Сойдя на берег, Волдис позвонил по телефону в городскую больницу и попросил выслать машину скорой помощи. Вернувшись на судно, он попросил Молли немедленно уйти и стал ждать.

Одновременно с санитарами прибыли и полицейские. Волдиса подробно допросили; неизбежные формальности поставили его в неприятное, двусмысленное положение. Собрались штурманы, капитан тоже заинтересовался случившимся, а портовые рабочие, явившиеся на работу, шныряли у дверей каюты.

Волдис хладнокровно пропускал все мимо ушей, подписал протокол и, провожаемый десятками глаз, последовал за Лаумой до машины. Девушку увезли. На пароходе загрохотали лебедки.

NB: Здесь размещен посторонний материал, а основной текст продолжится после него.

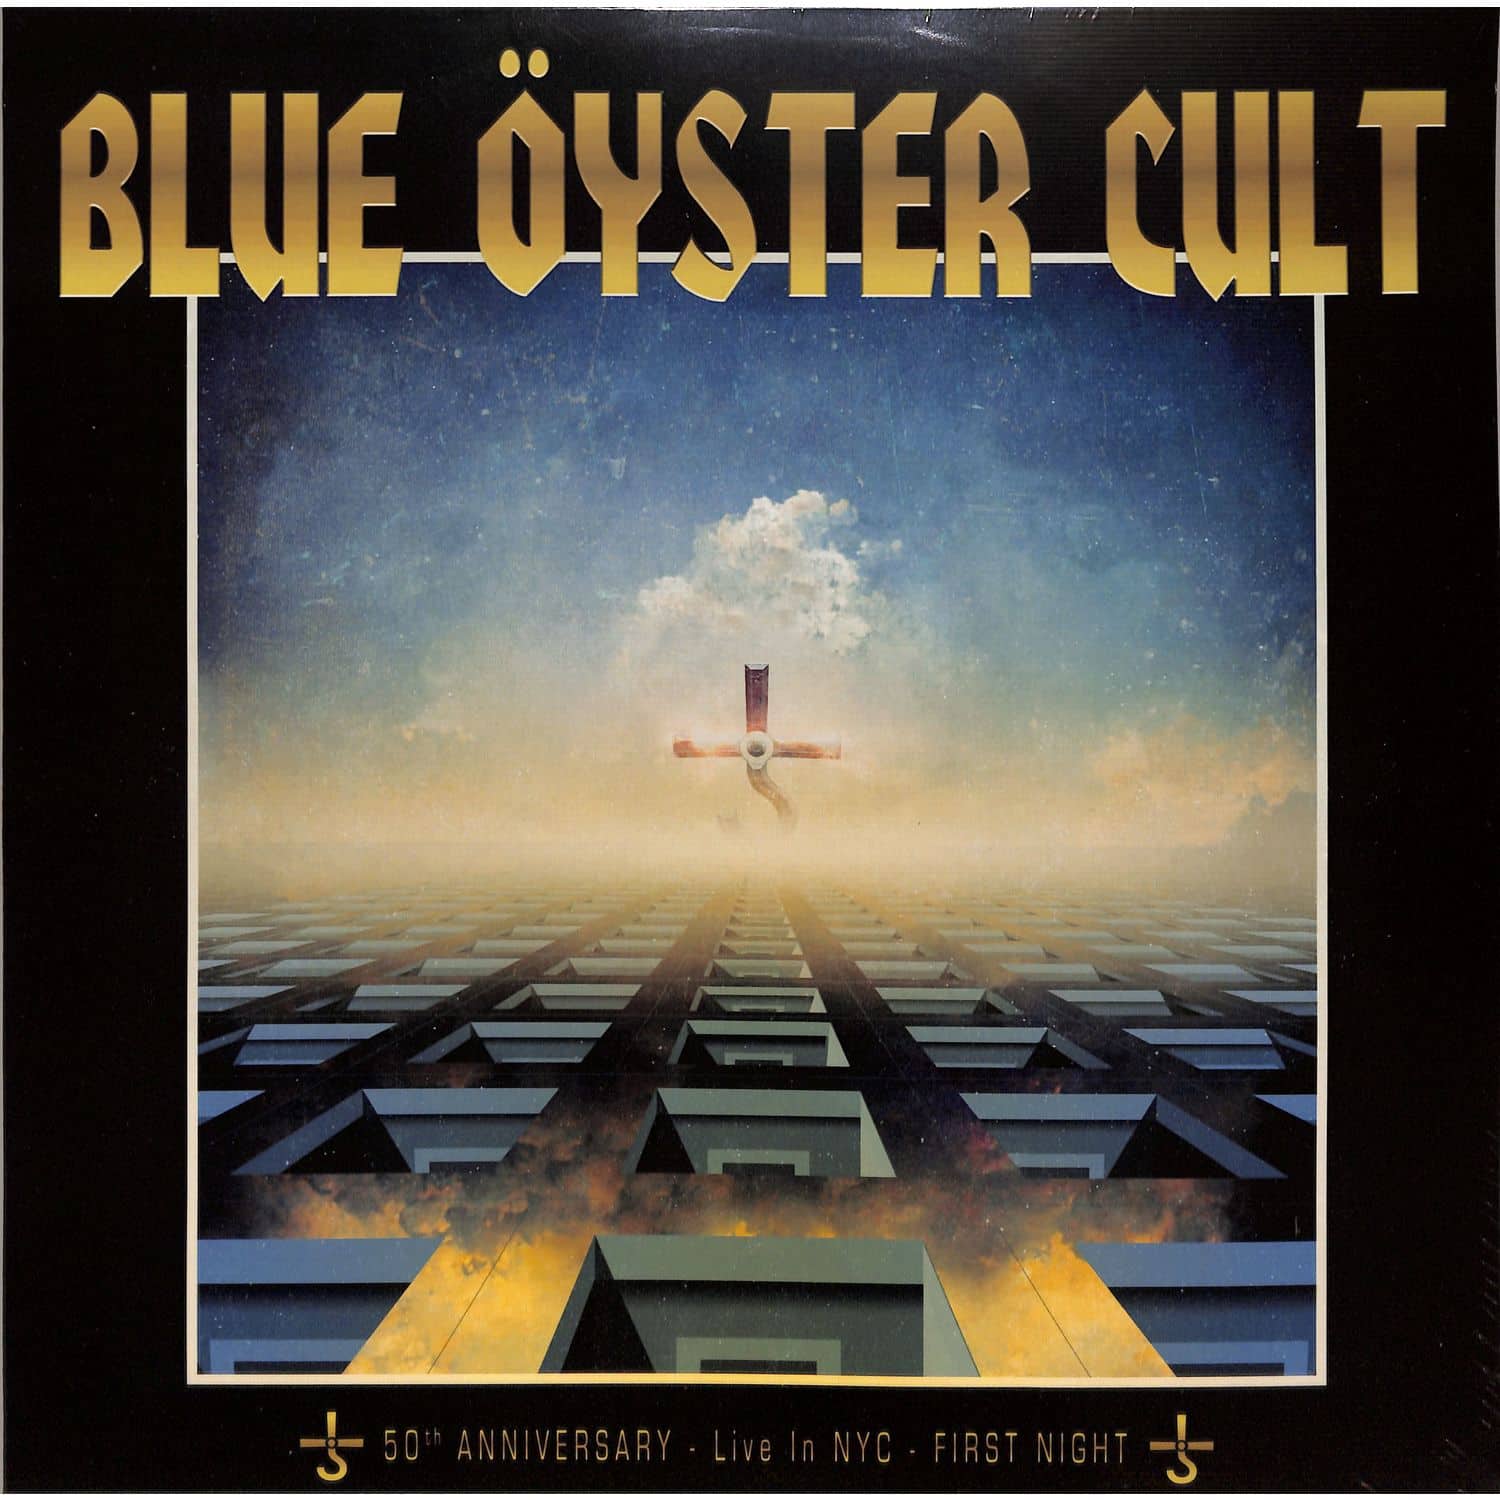 Blue yster Cult - 50TH ANNIVERSARY LIVE- FIRST NIGHT

Волдис вернулся в каюту. Не зная, что боцман латыш, грузчики зубоскалили за его спиной. Но Волдис делал вид, что не слышит их замечаний. «У нее воспаление легких и туберкулез в последней стадии…» — думал он.

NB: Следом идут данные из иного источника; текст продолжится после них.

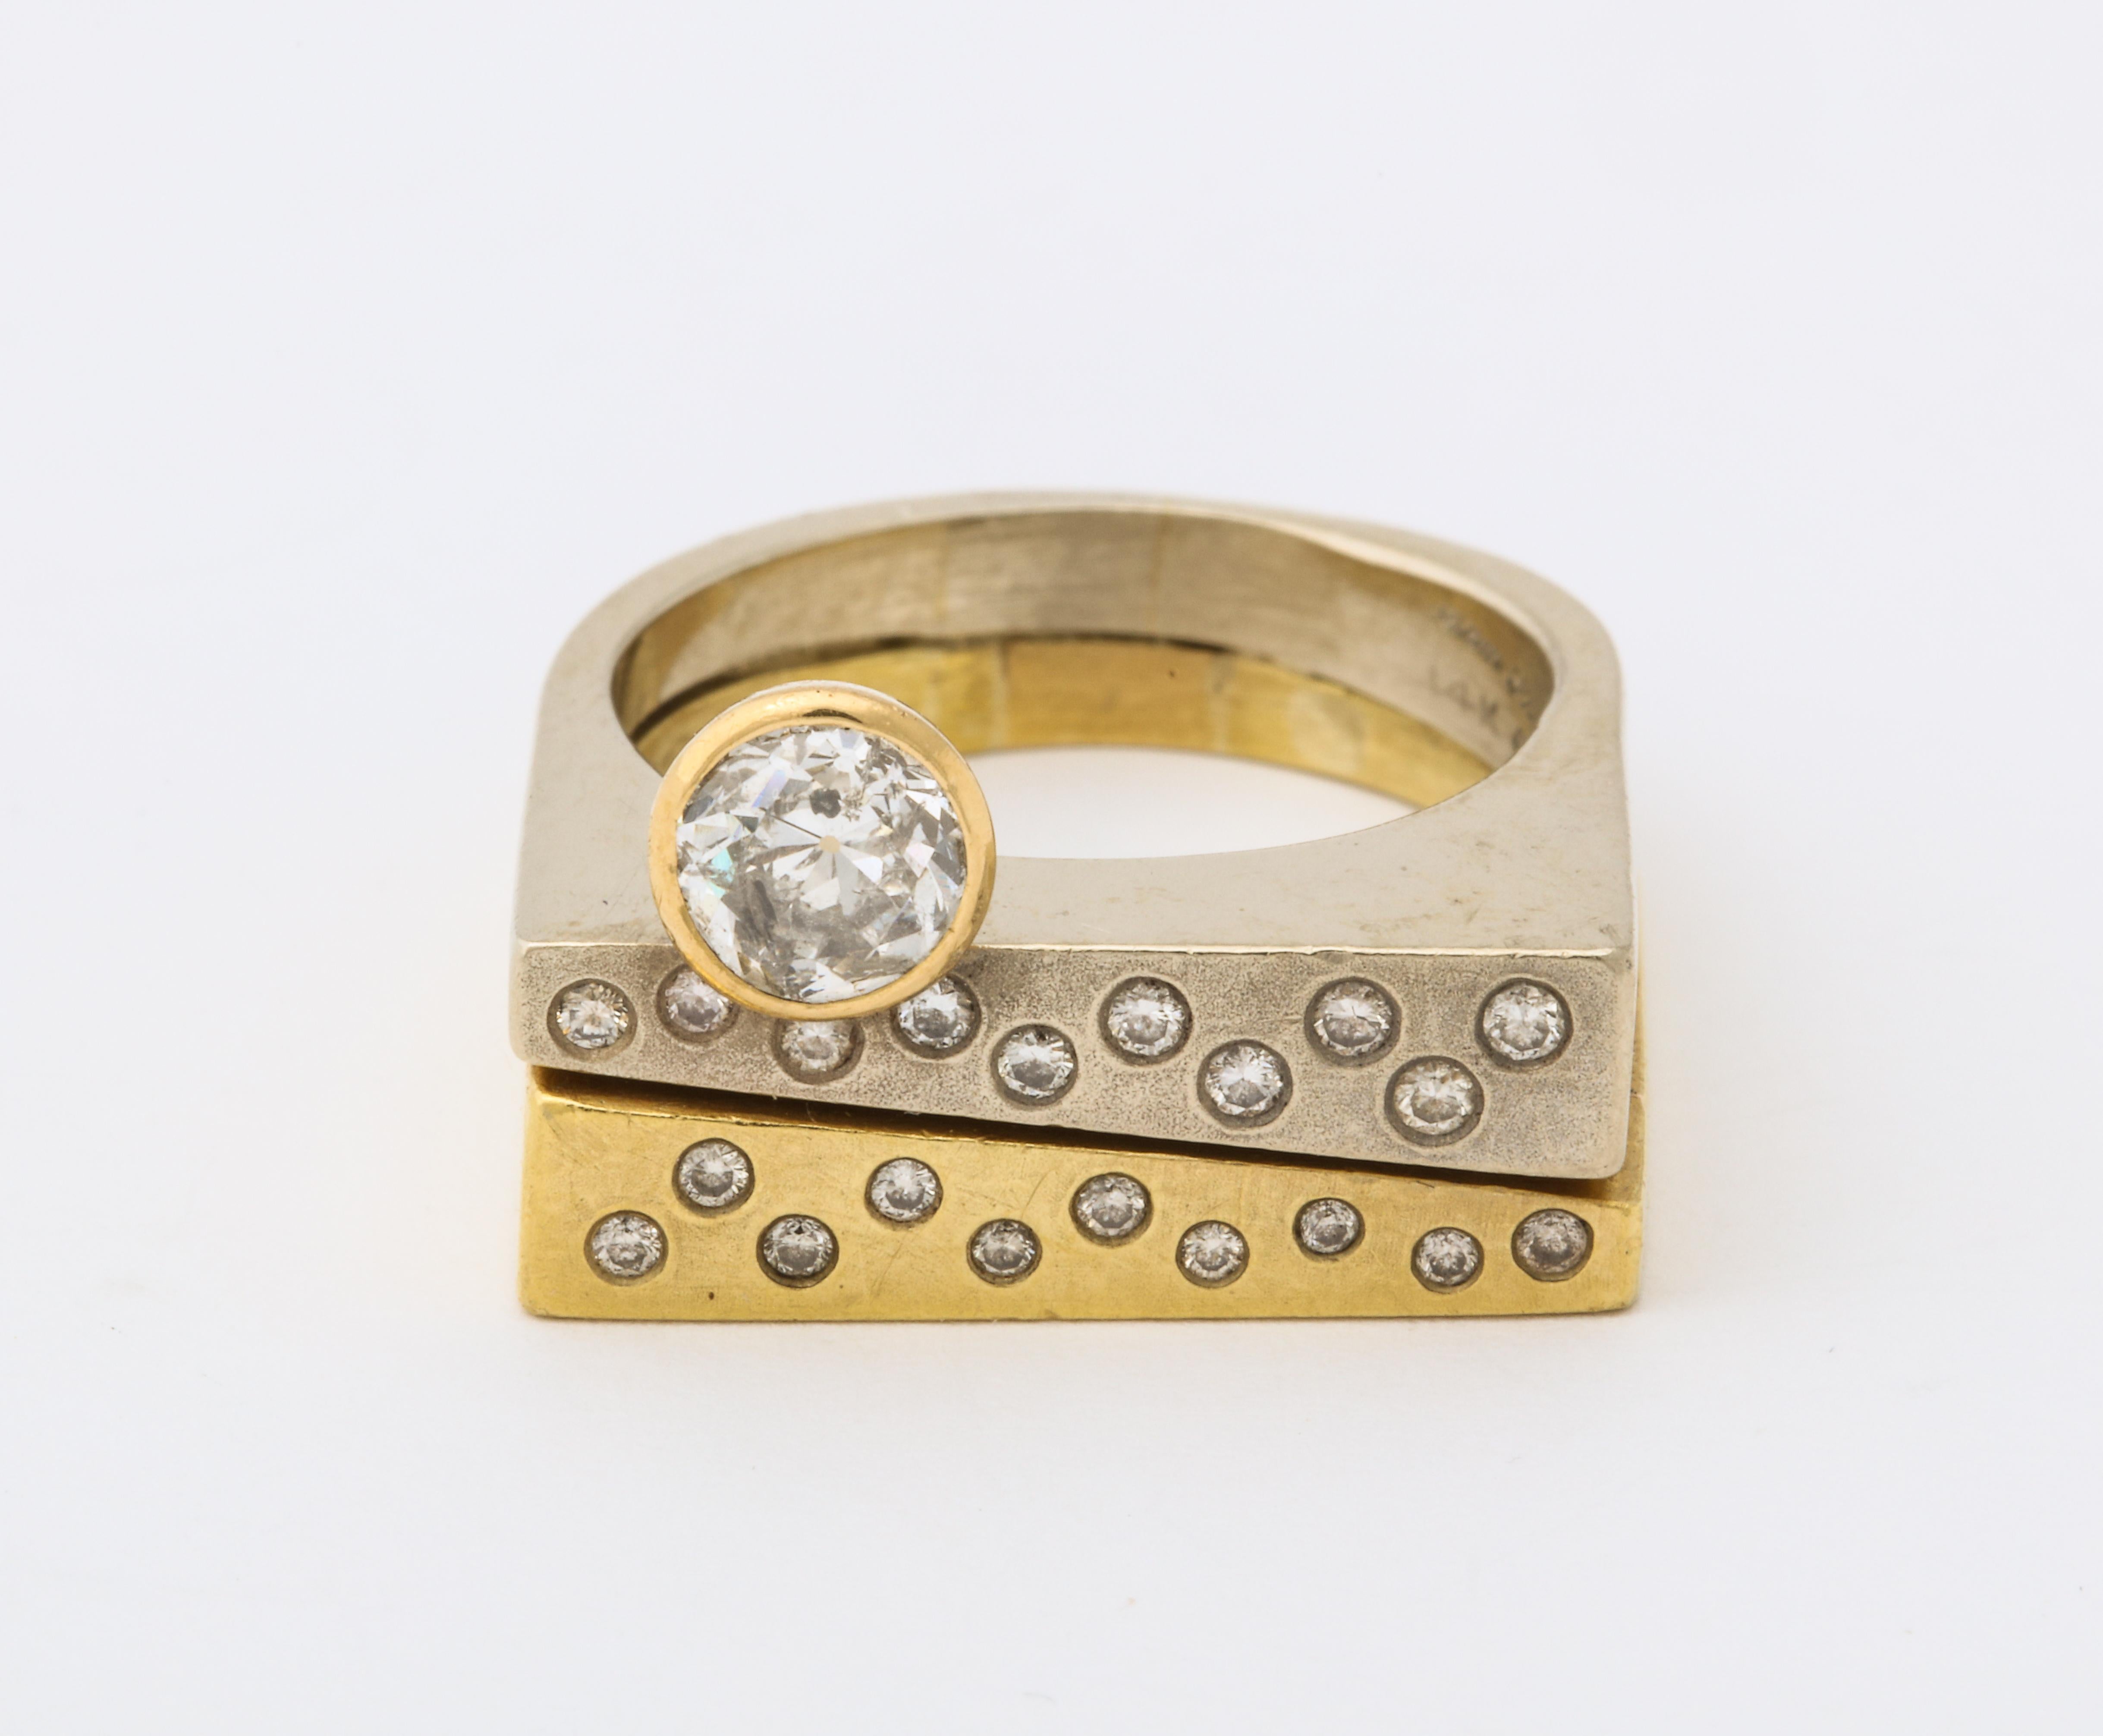 A wonderful modernist two color 18 k gold ring with a brilliant diamond atop of rows of pave diamonds

Затем Волдис направился к капитану и попросил отпуск на несколько дней. Его отпустили без жалованья до выхода в море. В распоряжении Волдиса было четыре свободных дня.

 

***

 

Несколько часов Волдис бродил по рижским улицам. Повсюду он видел чужие лица — такие же чужие, как и сам старый город, который возле набережной Даугавы изменился до неузнаваемости: исчезли многочисленные торговые будки и навесы, а вместе с ними — шумная жизнерадостная сутолока, пестрая толпа, которые прежде были так обычны для этого района; повсюду виднелись сломанные и полуразобранные здания, развалины, обломки кирпича, груды полусгнивших досок.

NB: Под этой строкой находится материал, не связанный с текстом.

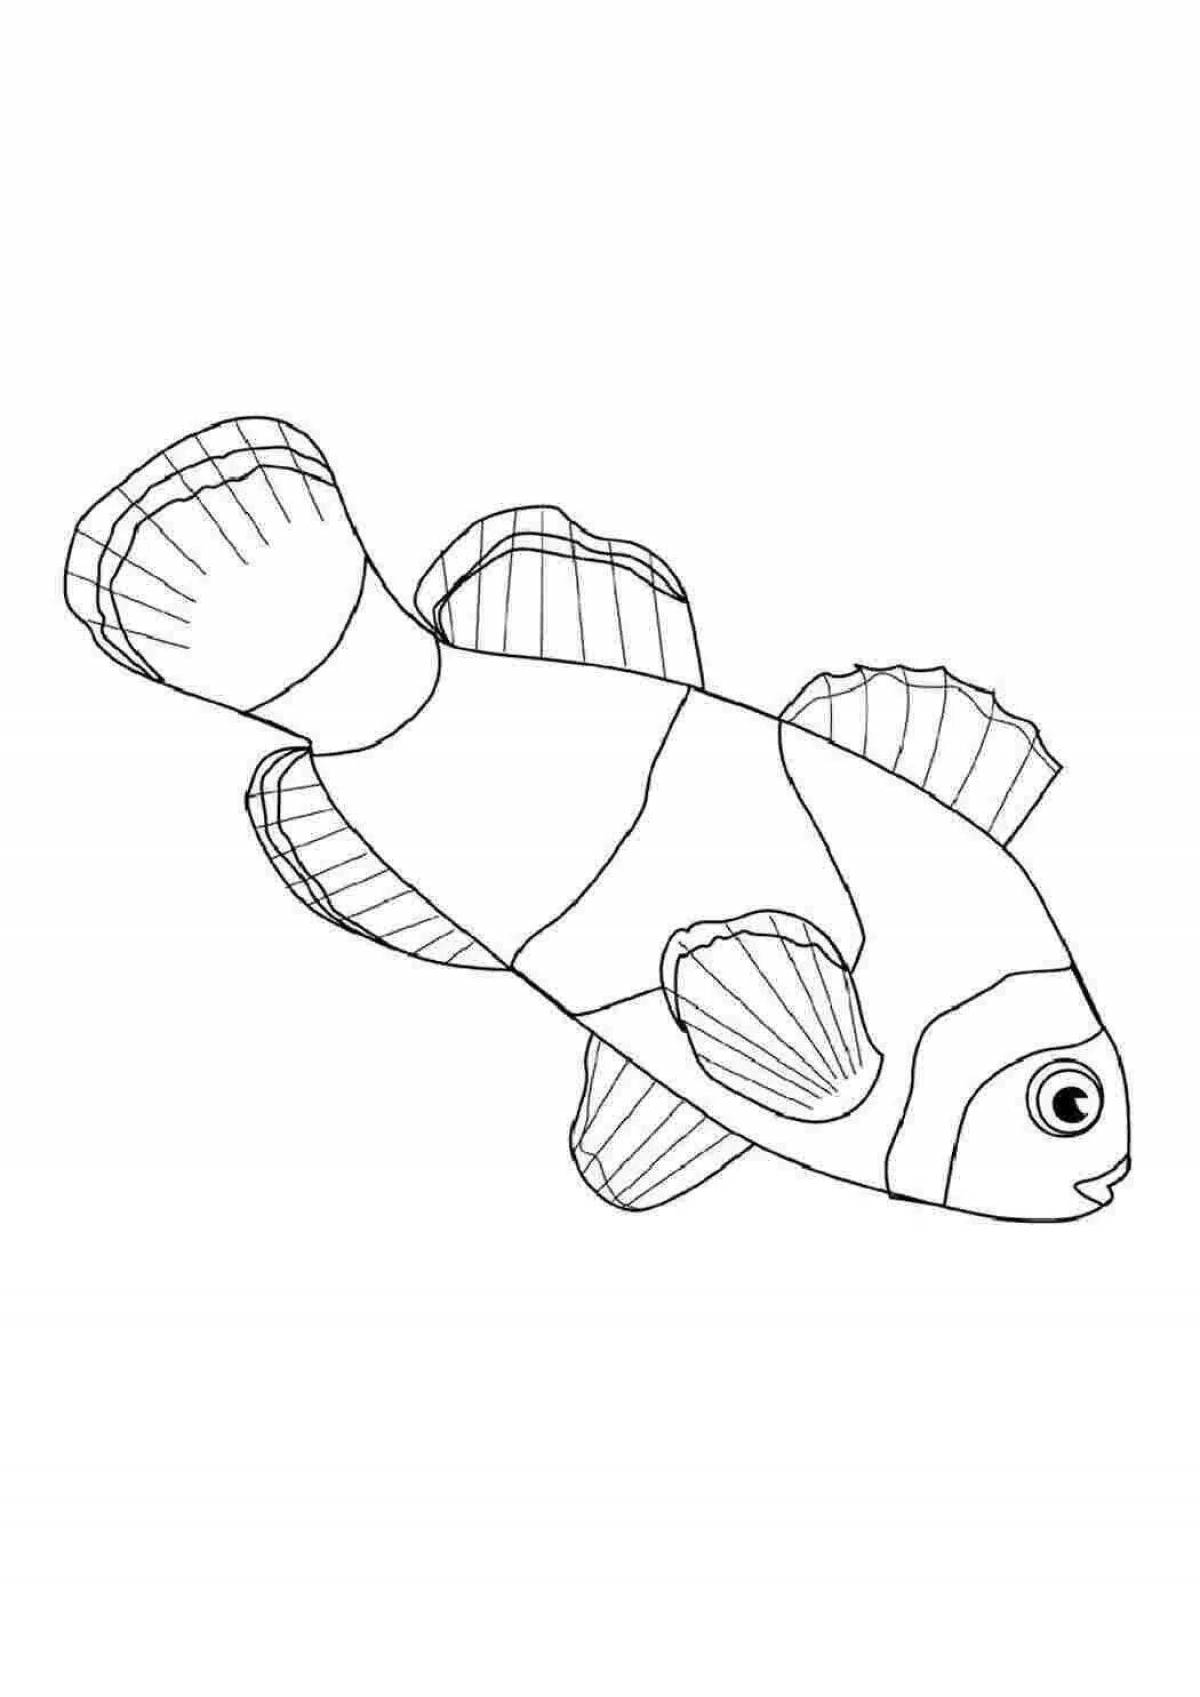 Adorable clownfish coloring page

Волдис погулял по набережной, прошел мимо роскошных павильонов нового рынка, завернул на барахолку и побродил там среди груд тряпья и жалких лохмотьев. Здесь грязные, жалкие, оборванные люди сбывали такой же жалкий товар, но даже самые изношенные отрепья находили покупателя. Утомленный назойливыми зазываниями, предложениями и криками торгующихся, Волдис поскорее покинул это место. Через несколько минут он очутился совсем в другом мире, — казалось, это уже была не Рига, а какой-то далекий уездный городишко. Старые, облезлые деревянные дома, чайные, мастерские ремесленников, женщины в черных плюшевых кофтах и ярких ситцевых юбках, мужчины в блестящих высоких сапогах, расшитых рубашках и шапках, напоминающих пожарные каски… Много-много нищенски одетых людей — старых, неопрятных, нечесаных, в залоснившейся одежде, с ухватившимися за руки или сидящими на руках изможденными детьми… На Волдиса пахнуло дыханием нищеты. На углах улиц стояли кучками мужчины, некоторые с пилами в руках — ждали, когда их позовут пилить дрова. Из всех окон и дверей, щелей, стен и ворот глядела горькая нужда. Волдис содрогнулся от этой картины беспомощного горя и покорного отчаяния.

Проходя мимо раскрытых ворот, он заглянул в узкий грязный двор, в глубине которого виднелся полуразвалившийся сарай или старый хлев. Однако окно с несколькими чахлыми цветами на подоконнике и желто-серое лицо старухи в окне показывали, что и здесь живут люди. Забрызганный грязью голодный серый кот плелся по двору, не обращая ни малейшего внимания на прыгающих неподалеку воробьев. Вероятно, он отлично понимал, что не в силах поймать их.

Заметив в просвете одного из переулков блеснувшие воды Даугавы, Волдис направился туда.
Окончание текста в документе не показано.